しかし、そこに、横合いからとんでもない爆弾発言が投下される。
「なんだかサキ様は、ショータ様のお母様みたいです」
あまり大きくないけれど、この声はあたしにはハッキリと届いた。男性特有のテノール。その声を出すのは、この場でただ一人。
「イーリス……?」
ギギギって音が出るかもって位、ゆっくりとそちらへと振り替える。
「えっ? サ、サキ様!?」
自分が失言したとイーリスは気付いたらしい。一気に顔色が青を通り越して、白になる。いやね、例え気に入った相手でも、許せる事と許せない事があるのは、世の情理。
ふふふ………覚悟はいいかしら♪
「後で説教だから、覚悟しときなさい♪」
「――っ!?」
ビクッてなったけど、自分の言葉には責任を持たないと、ネ?
そう、今はやる事があるんですよ。
目の前で固まっている、この国の神官様とお姫様に、きちんと説明しないとね?
「と、取り敢えず、ご無事のお帰り、よろしゅうございました」
「そ、そうですわね、では、お部屋にご案内しますわ」
二人の顔が引きつっていたのは、まあ、言わなくても分かるわね………、ははは。
「あれ? 何か外が夕焼けになってますよ」
この場で冷静な和磨君に、凄いとは感じるけど、ん? ちょっと待て。今、夕焼けって言った!?
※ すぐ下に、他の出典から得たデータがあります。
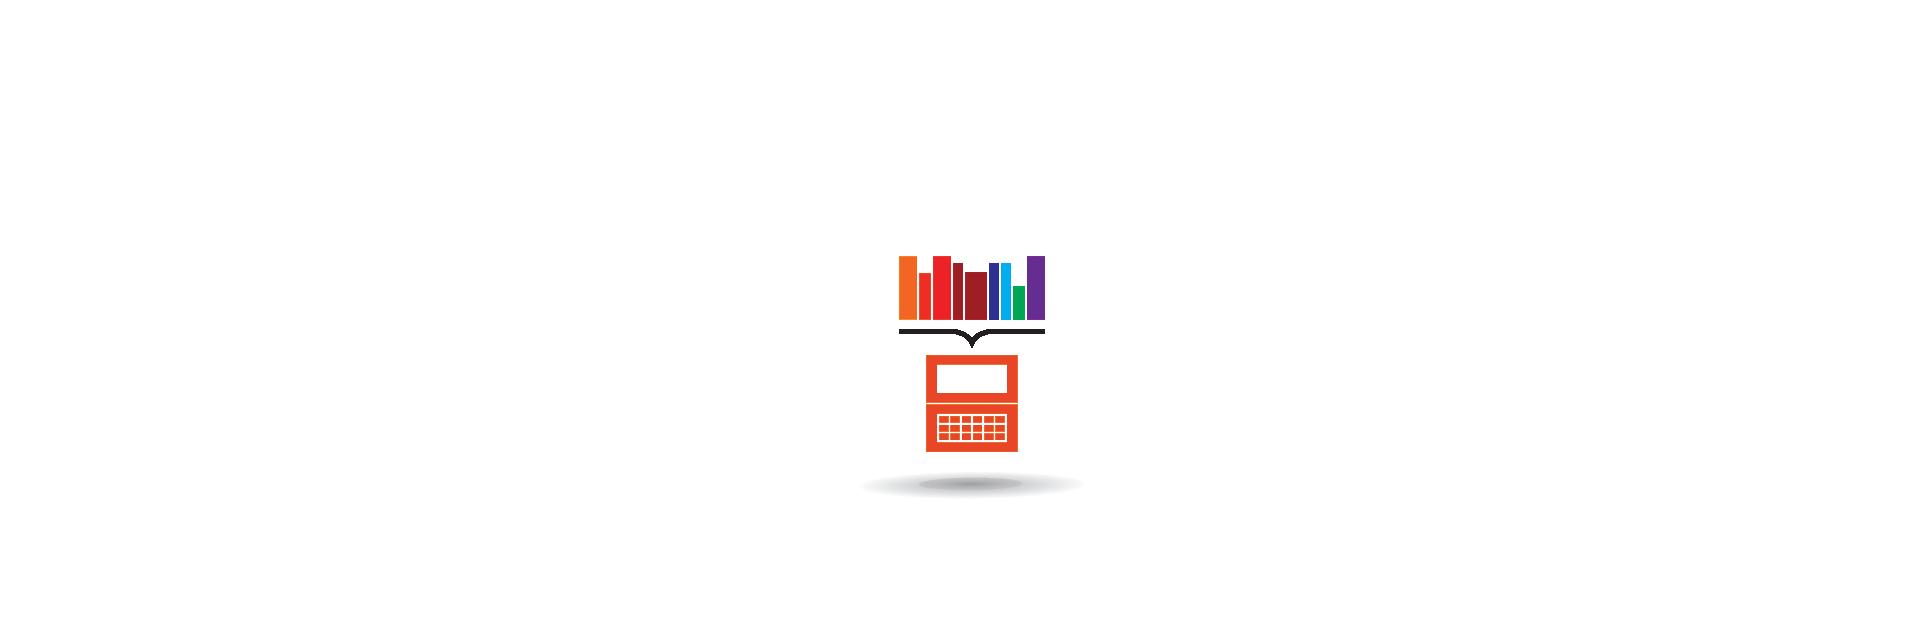 sale marketing kpi free ebook download
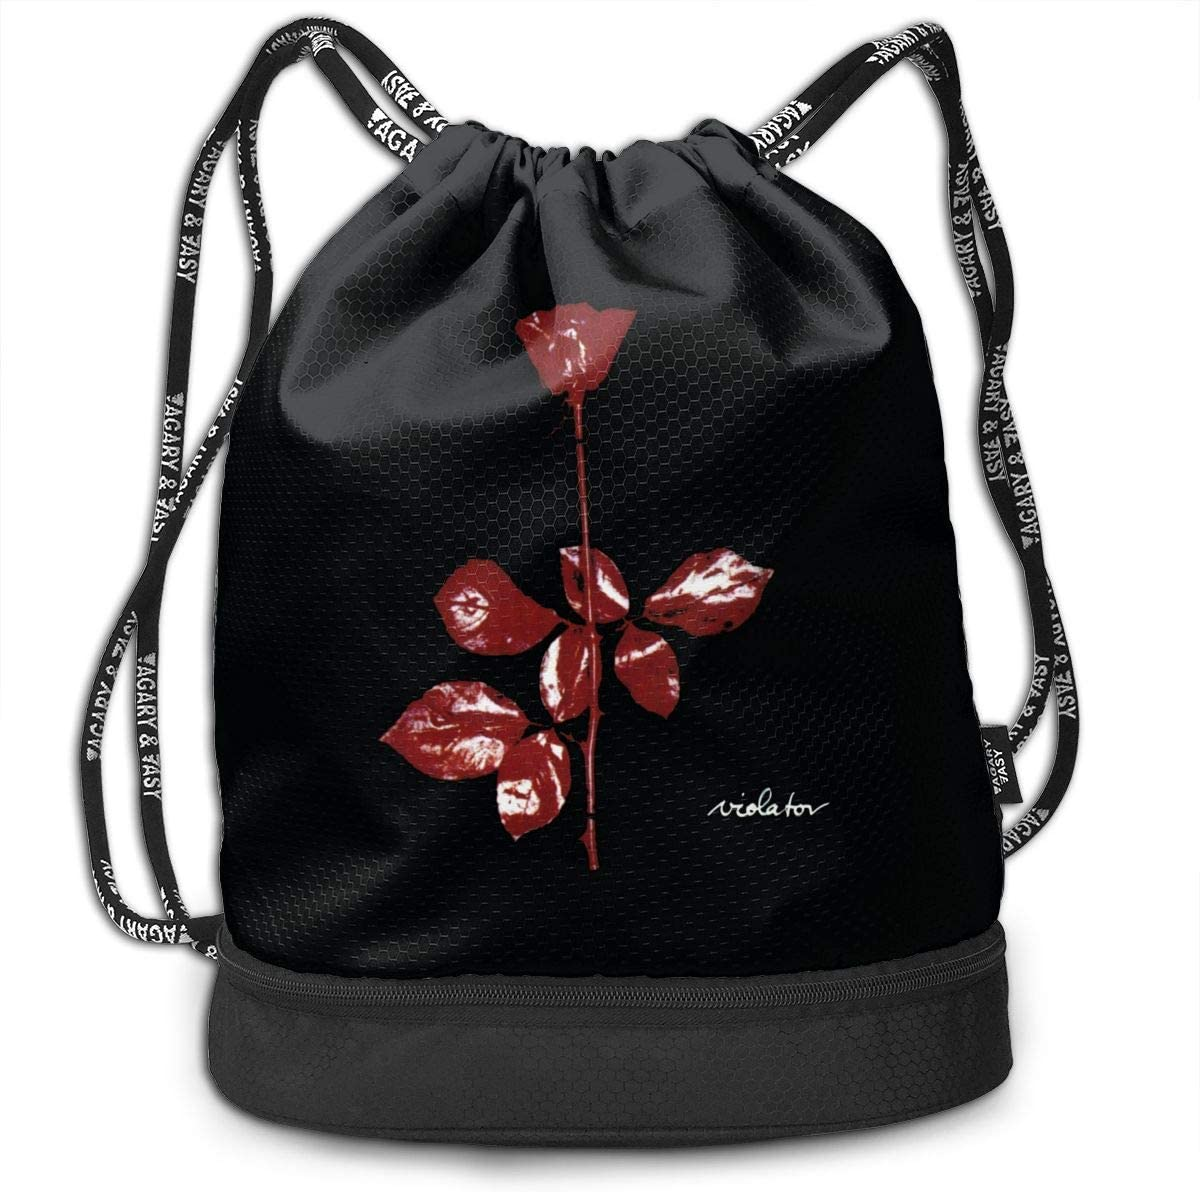 DIDhsswuz Depeche Mode Violator Unisex Drawstring Backpack Drawstring Bag Bundle Backpack Yoga Bag

「はい、既に皆様が入ってから、まる一日立ちましたよ?」
…………………
……………
………
「さすが異世界………、テンプレ過ぎるでしょう………」
あたし達の感覚では1、2時間だったんだけど、外では丸一日。
「もしかして、エリー様が心配してたのって……」
「ええ、たまに帰っていらっしゃらない方もいるので」
シャレになってないよ、エリー様。このまま帰らなかったら、どうする気だったんだろう? その考えがあまりに怖すぎて、あたしはすぐに考えを放棄。うん、人生楽しいのが一番です♪♪
「では、本日は一度お部屋にご案内いたしますわ、夕食になりましたら、お呼びしますね」
「分かりました」
◇◇◇◇◇
あたしが案内されたのは、一言で言うなら美しい部屋。水をイメージしたかのような、白と水色を基調にした、そんな落ち着いた部屋だった。
ちなみに、優香ちゃんは花をイメージした桃色の可愛らしい部屋。いやー、優香ちゃんのための部屋って感じだった。
和磨君の部屋は、几帳面な感じが全面に出たシックな部屋で、色は落ち着いた緑でまとめられていた。何かイメージ的にピッタリだわ。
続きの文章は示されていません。